DATA SECTION:
....

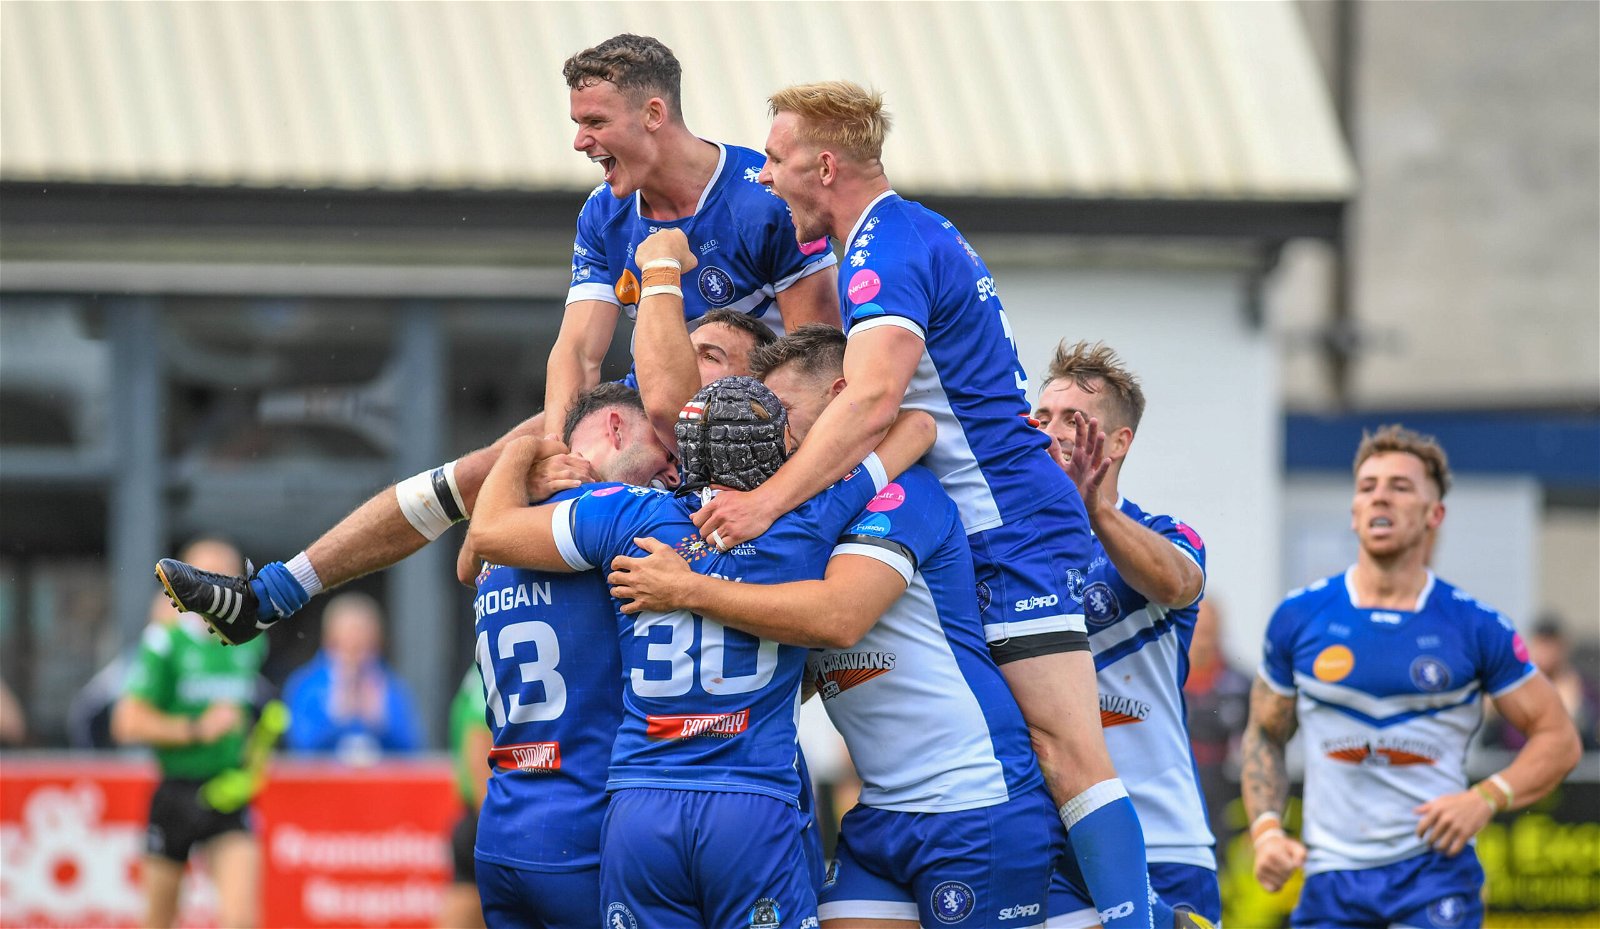 Swinton Lions players celebrate scoring.They have just signed a hooker on loan from Warrington Wolves.
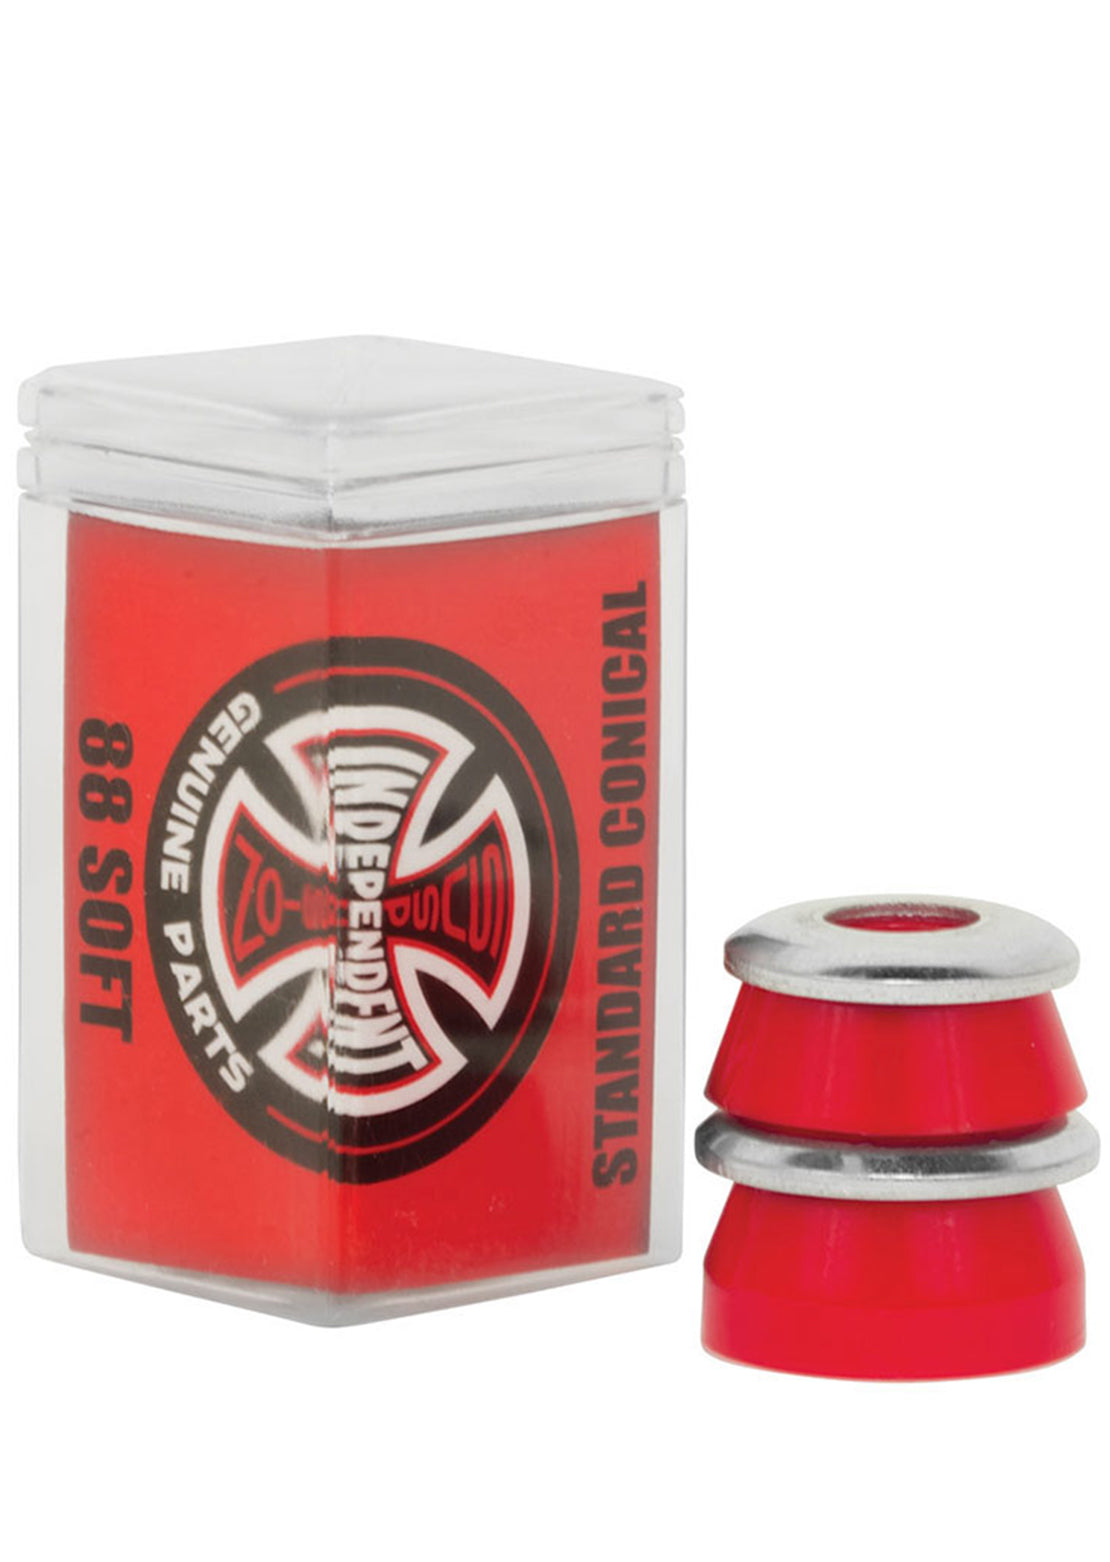 Independent Standard Bushings Red - Conical - Soft - 88a
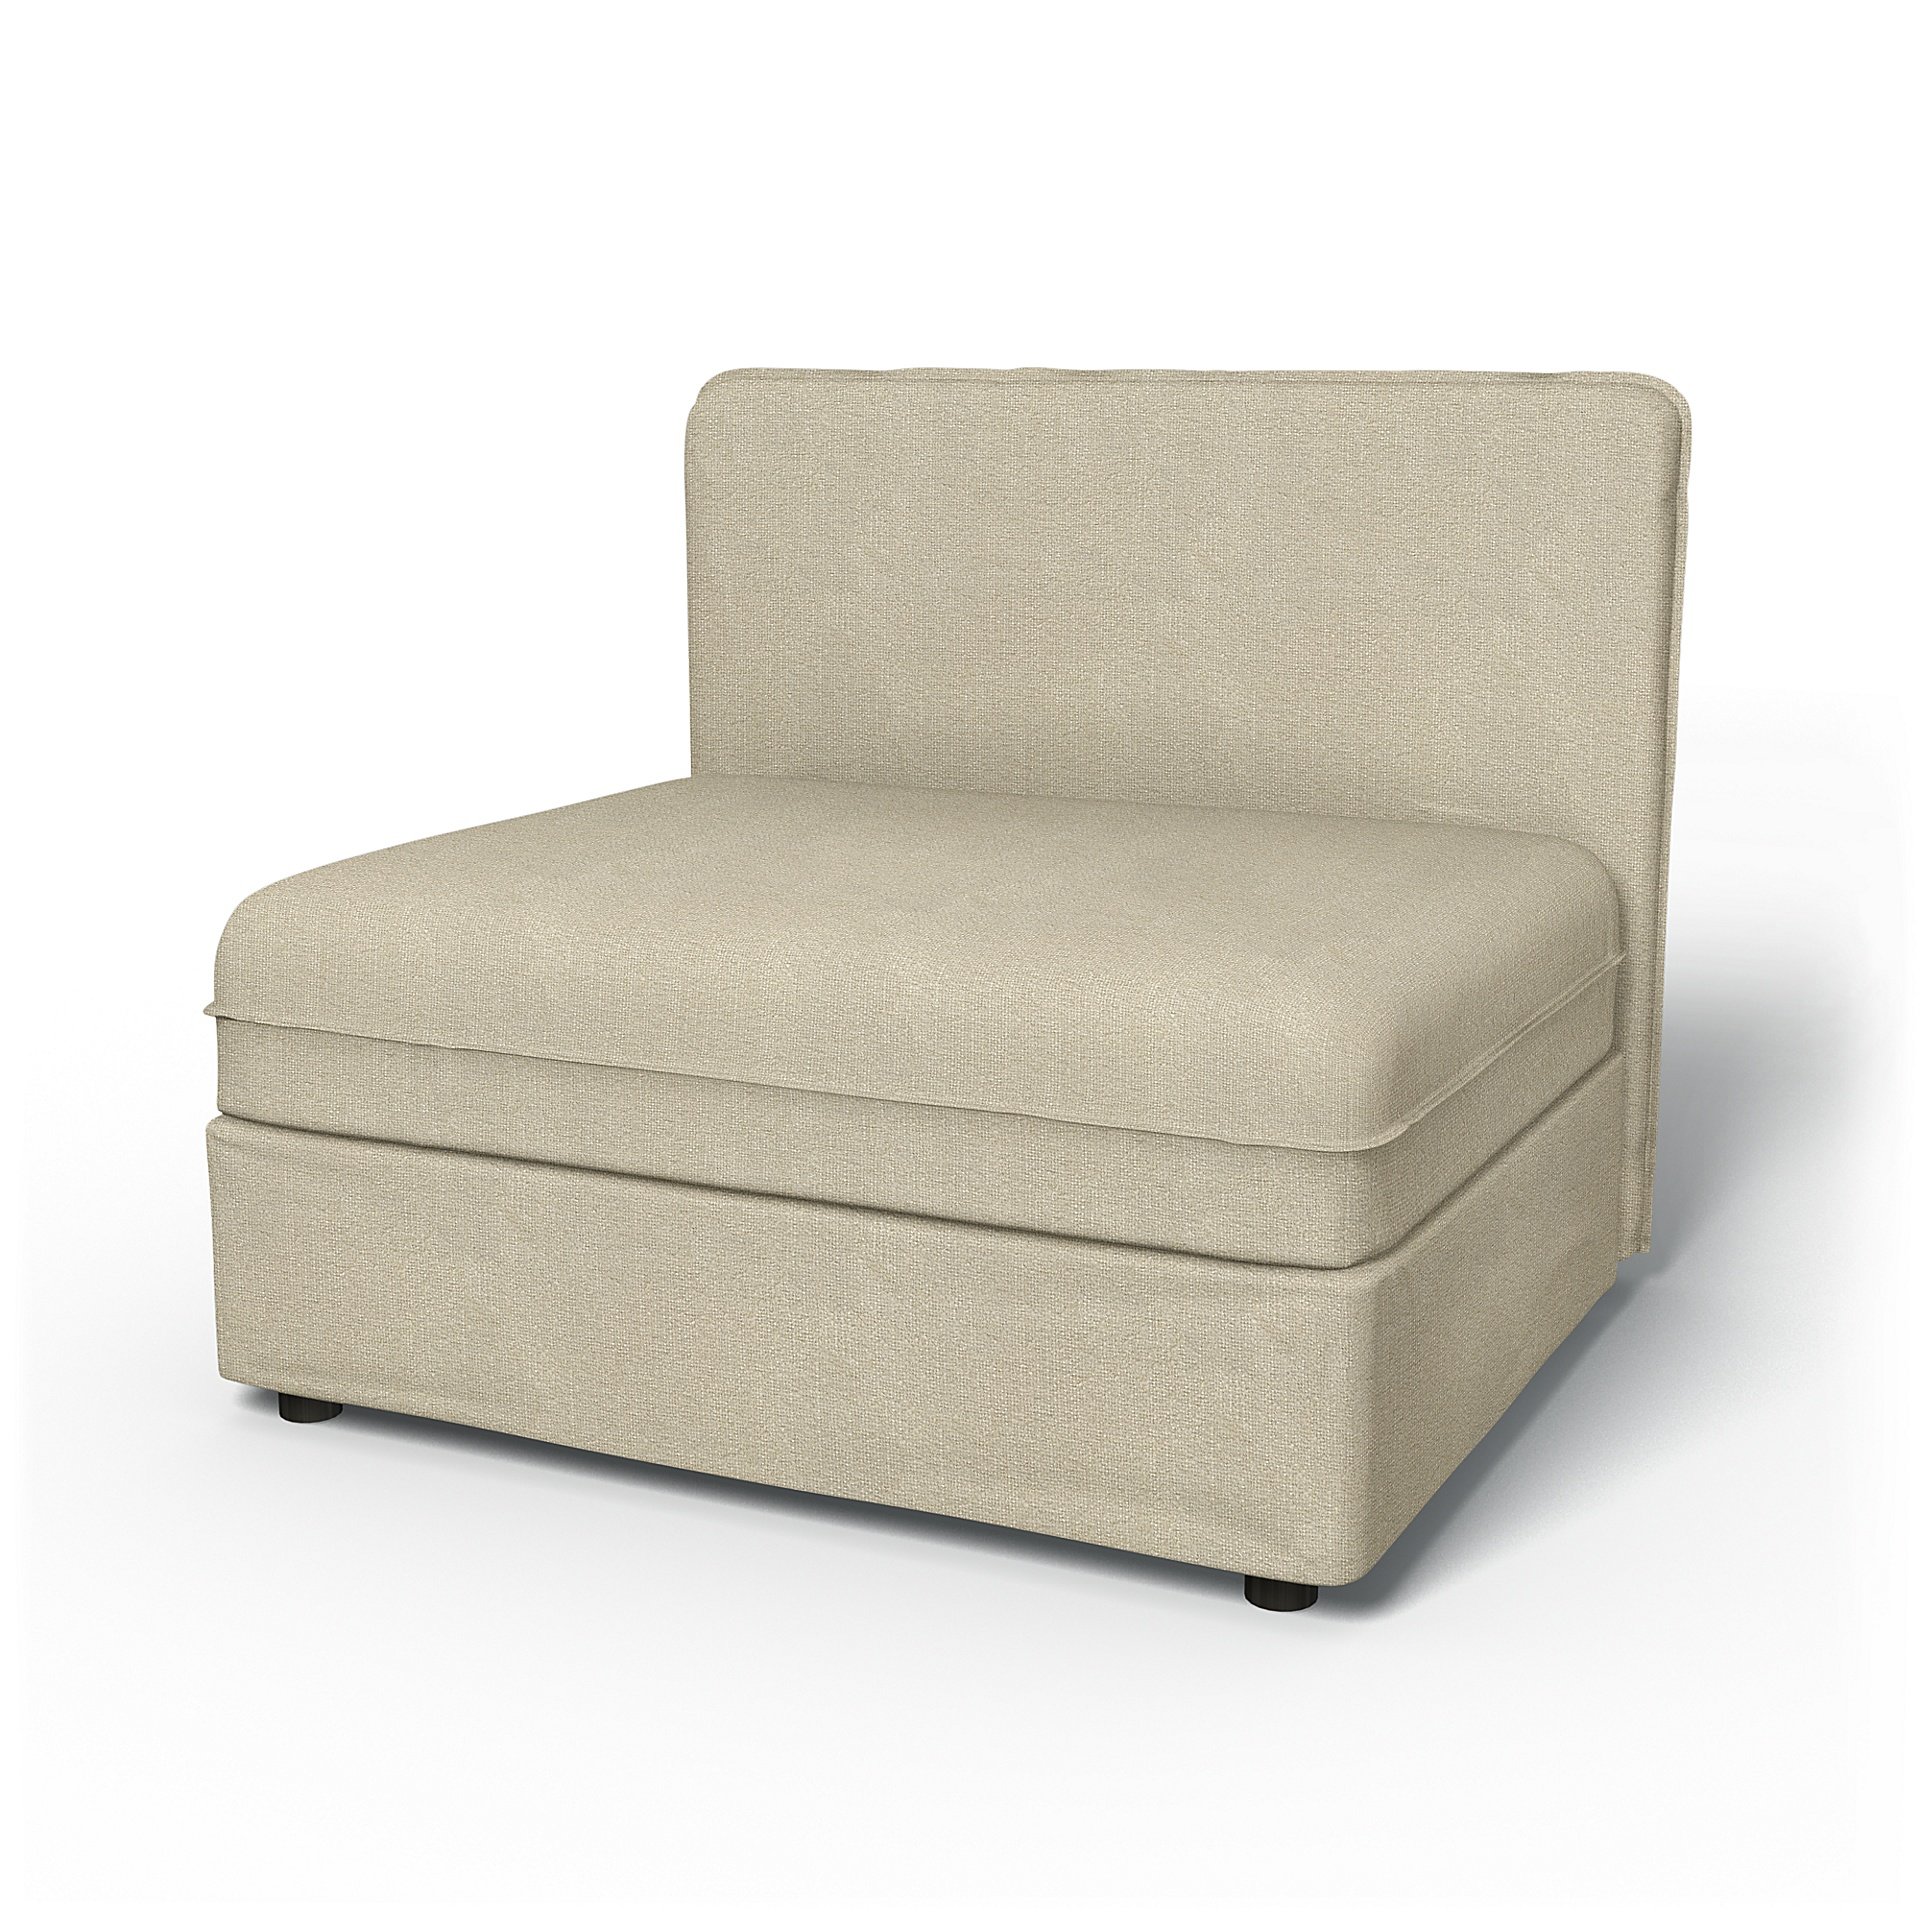 IKEA - Vallentuna Seat Module with Low Back Cover 100x80cm 39x32in, Cream, Boucle & Texture - Bemz

....

PROBLEM STATEMENT:
Repeat the data in full, exactly as it stands, but drop every picture.

EXERCISE SOLUTION:
 Swinton Lions players celebrate scoring.They have just signed a hooker on loan from Warrington Wolves.
 Independent Standard Bushings Red - Conical - Soft - 88a
 IKEA - Vallentuna Seat Module with Low Back Cover 100x80cm 39x32in, Cream, Boucle & Texture - Bemz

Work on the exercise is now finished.